Last weekend, one of our students (13 years of age) went to her very first concert. To mark this momentous occasion, she wrote a live review for those of us who were unable to make it. We think you'll agree we have a budding music journalist in our midst! OPETH (live at Enmore Theatre, May 3 2015) by Sid R.
I am a metalhead. I have identified as one for two, going on to three years. Why am I a metalhead? It isn’t certainly for the image, though metal fashion does add a lot to the genre’s wow factor. Yes, bullet belts, wrist cuffs and black attire are really cool, and if it were socially acceptable to casually wear battle jackets to school, then I’d do that in a heartbeat. But the reason why my love for metal is indeed a love for metal has to exist thanks to the hundreds upon thousands of artists out there that wake up every day and make their music for us metalheads to listen, enjoy, revere, look up, and of course headbang to! Seriously, if it weren’t for the Big Four (Metallica, Slayer, Megadeth and Anthrax) I don’t know where I would get the confidence to fuel my day from.

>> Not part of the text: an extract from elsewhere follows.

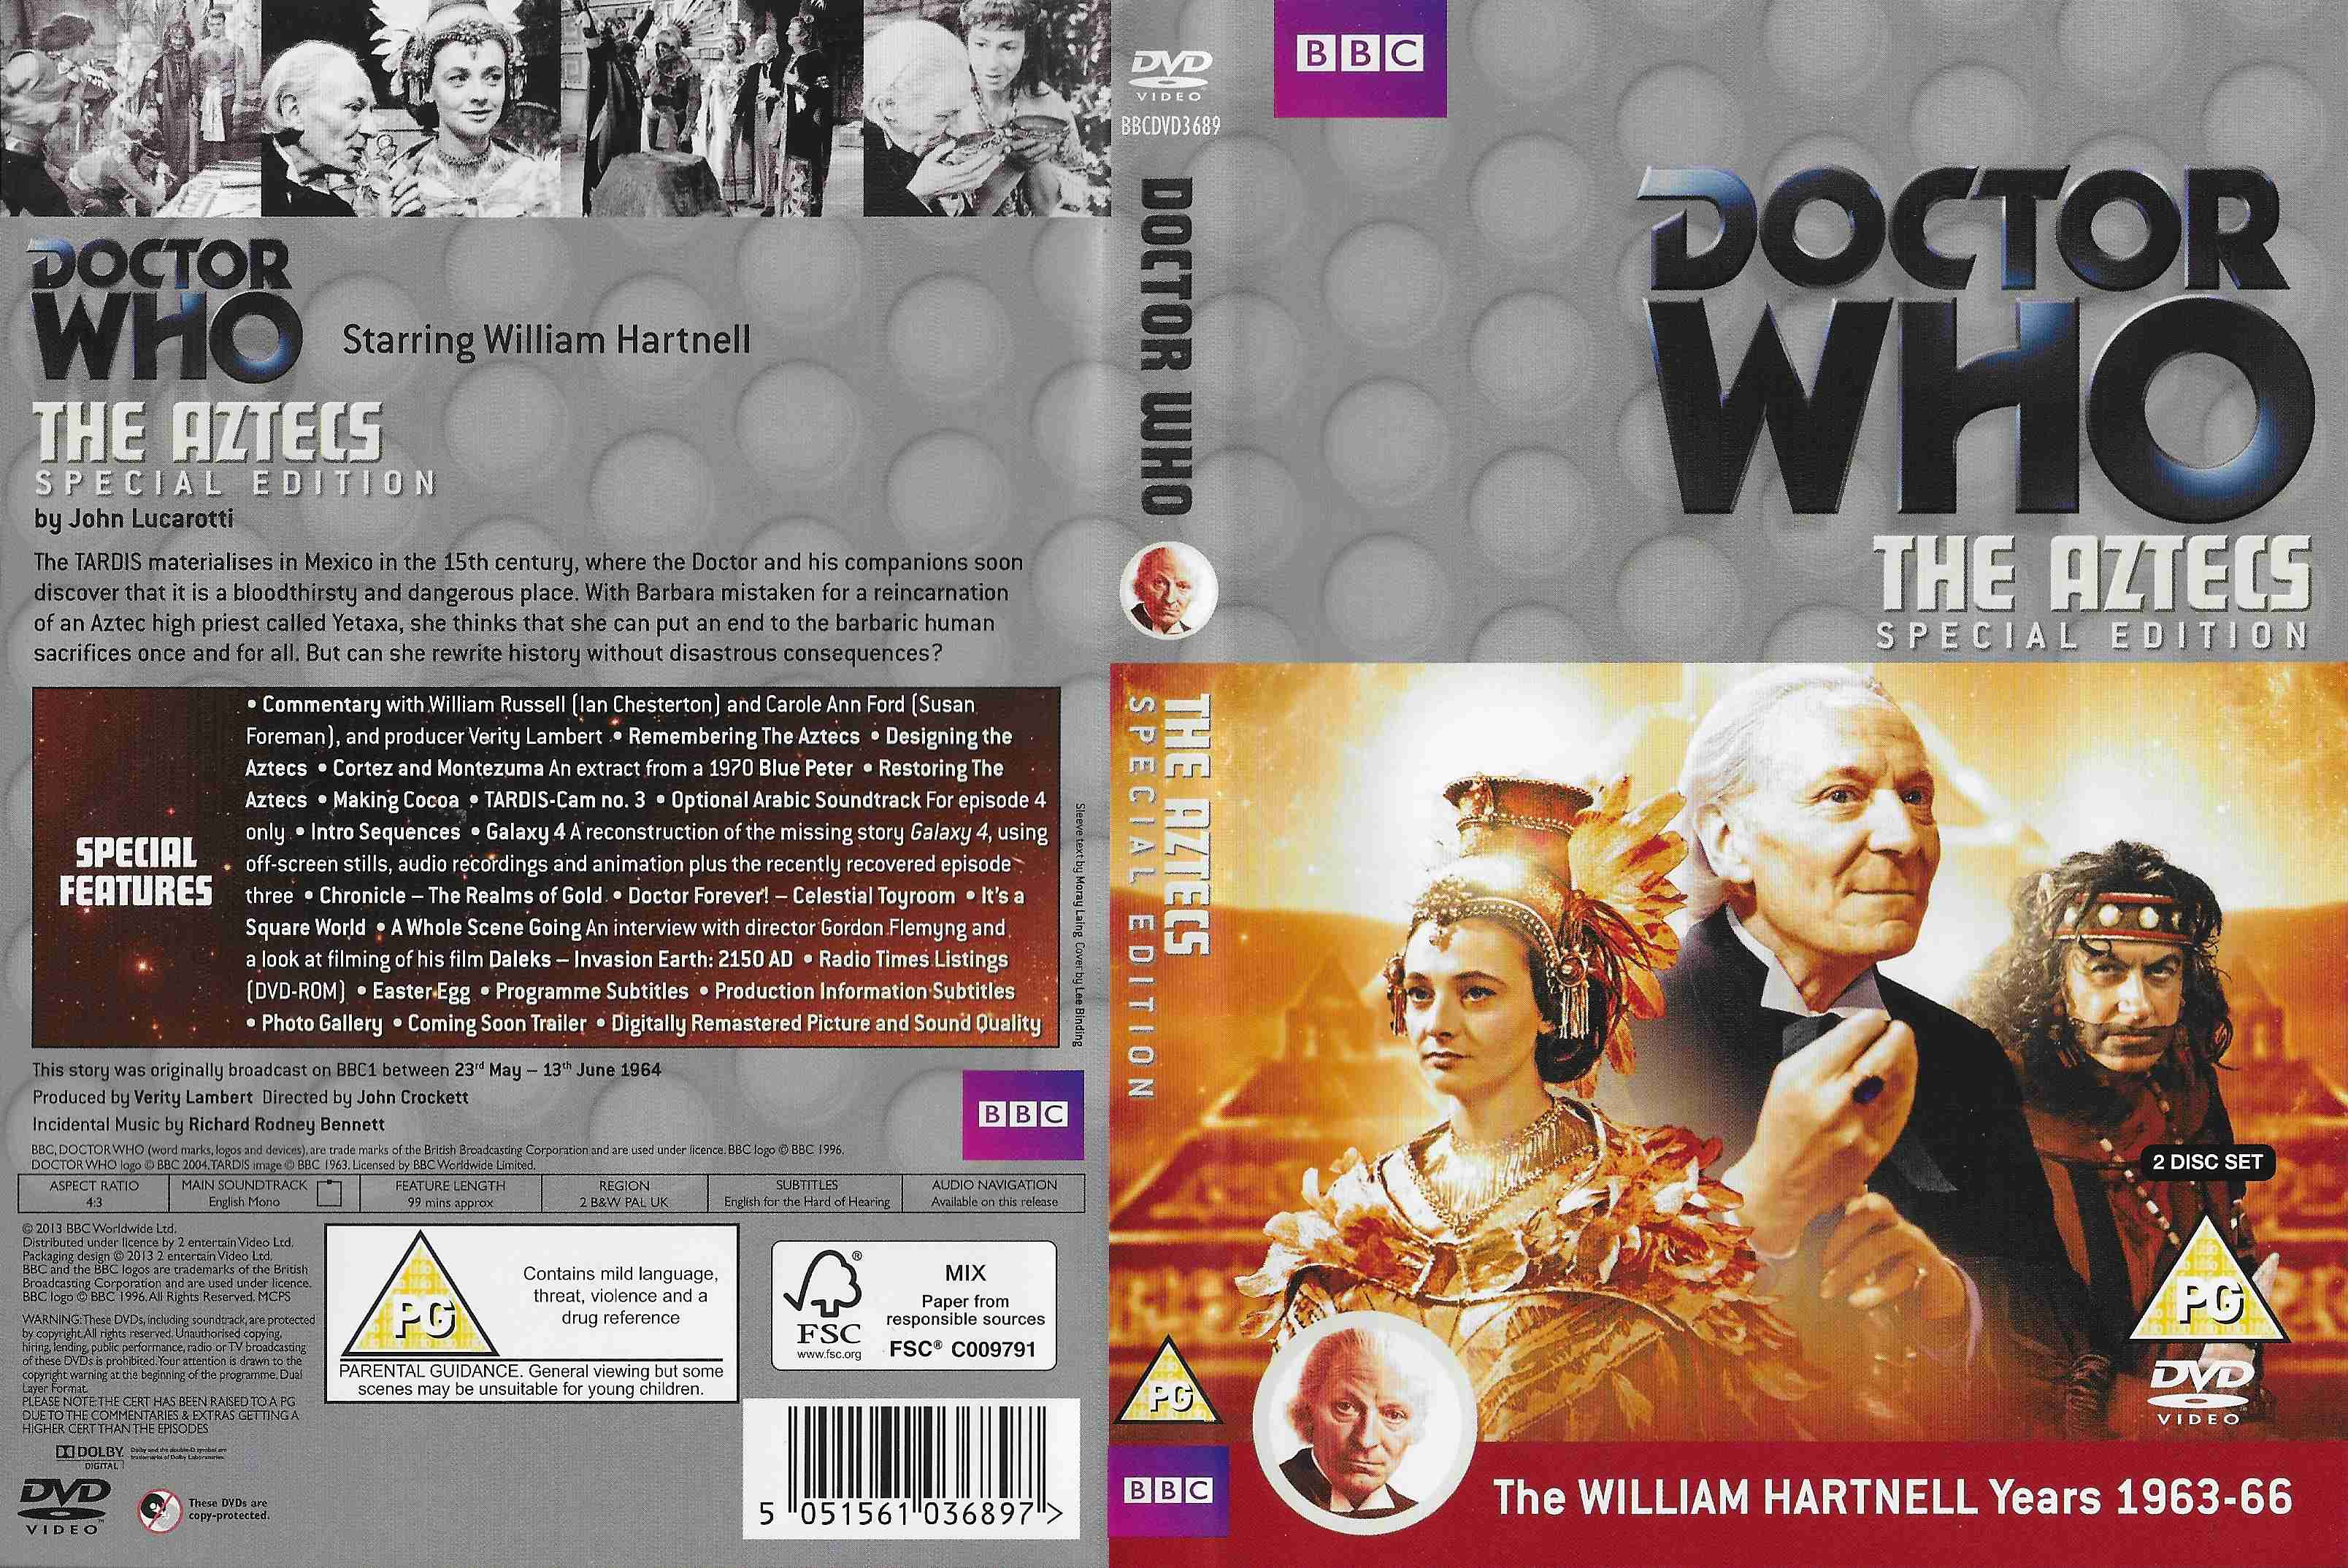 Picture of BBCDVD 3689 Doctor Who - The Aztecs by artist John Lucarotti from the BBC records and Tapes library

Every day, more and more things are integrated into the metal subculture to make it what we define it as today. Metalheads live a lifestyle – that lifestyle takes into consideration an entire universe of facets that if distilled, cannot make a metalhead. Concerts are one of these. I understand that in today’s ramshackle economy it’s hard to feed ourselves with the petty money we’ve got, but once you hear that Amon Amarth is touring again or Jeff Hanneman is coming back to life for one last show, there is no doubt you‘ll drop everything and start saving. Up until May 3, I wallowed in envy as those I knew attended all the concerts they could go to – heck, my friend even met Dragonforce! (Lucky, but I’m so jealous.) Soon enough for me however, Sydney, the city I love and live in, became enshrouded with posters. These posters appealed to me. Not because they were large and my favourite colour, black, but advertised something I as a metalhead had to see for myself. What I speak of, without an iota of falsehood in my mind, are none less than the Swedish metal legends we know as Opeth.
I tip my hat to Opeth. Here we have five guys, writing lyrics not in their native language – something we should accredit them for immensely – and composing unique music that incorporates the brutality of death metal, amplified progressive rock guitar riffs and the serenity of classical music to conceive their rare, dynamic sound. The metalhead community of Sydney were privileged to have Opeth perform Pale Communion and a concoction of other influential metal in Newtown’s Enmore Theatre on May 3.
The concert commenced shortly after 7:45pm, when a supporting band from Newtown itself had taken the stage and blared their music for a crowd of hundreds to crowd surf and mosh to. In an hour’s time, the crowd could notice the silhouette of a man, followed by four others and bearing guitars or a pair of drumsticks.
Opeth made their appearance with Eternal Rains Will Come. No traditional initial welcome was made, however the essence of songs like Elysian Woes and River manifested that in the most permeating and openhearted way possible.
With its introductory knee-slapping bassline, and Joakim Svalberg’s keyboard, Goblin fuelled the audience’s anticipation all the more, and complimented what was the suspense of the moment, as the song gained in intensity till a throwback to groove stemmed through the burst of Mikael’s silver-tongue guitar. You heard me correctly, groove. Relative sounds of groove and blues were demonstrated on the night of the concert to remind us of its influences on metal and the wide range of genres Opeth is capable of in and out of the studio.
Reverbs faded and Mikael took it upon himself to introduce Opeth to the audience. “Welcome. We’re Opeth. From Sweden. Comfortable? We have a lengthy set for you guys tonight… There will be some metal stuff, there will be some vocal stuff … some death metal stuff,” at every pause, the audience showed their approval with their horns up, and voices wooing.
Opeth has a reputation of interacting with the audience, and that is exactly what happened on the night. Direct conversation was frequently touched upon between Mikael and a few, may I say privileged, members of the dancefloor.
Cusp of Eternity, Opeth’s most spirited track on Pale Communion slots in a pulsing, definitely headbang worthy beat that radiated not only through the theatre but in the spirits of all of us who were there that night. The atmosphere was rife with excitement and a sense of belonging I had never experienced before, from the moment I laid eyes upon the other concert goers I knew that I am metalhead and that this was my place in the world.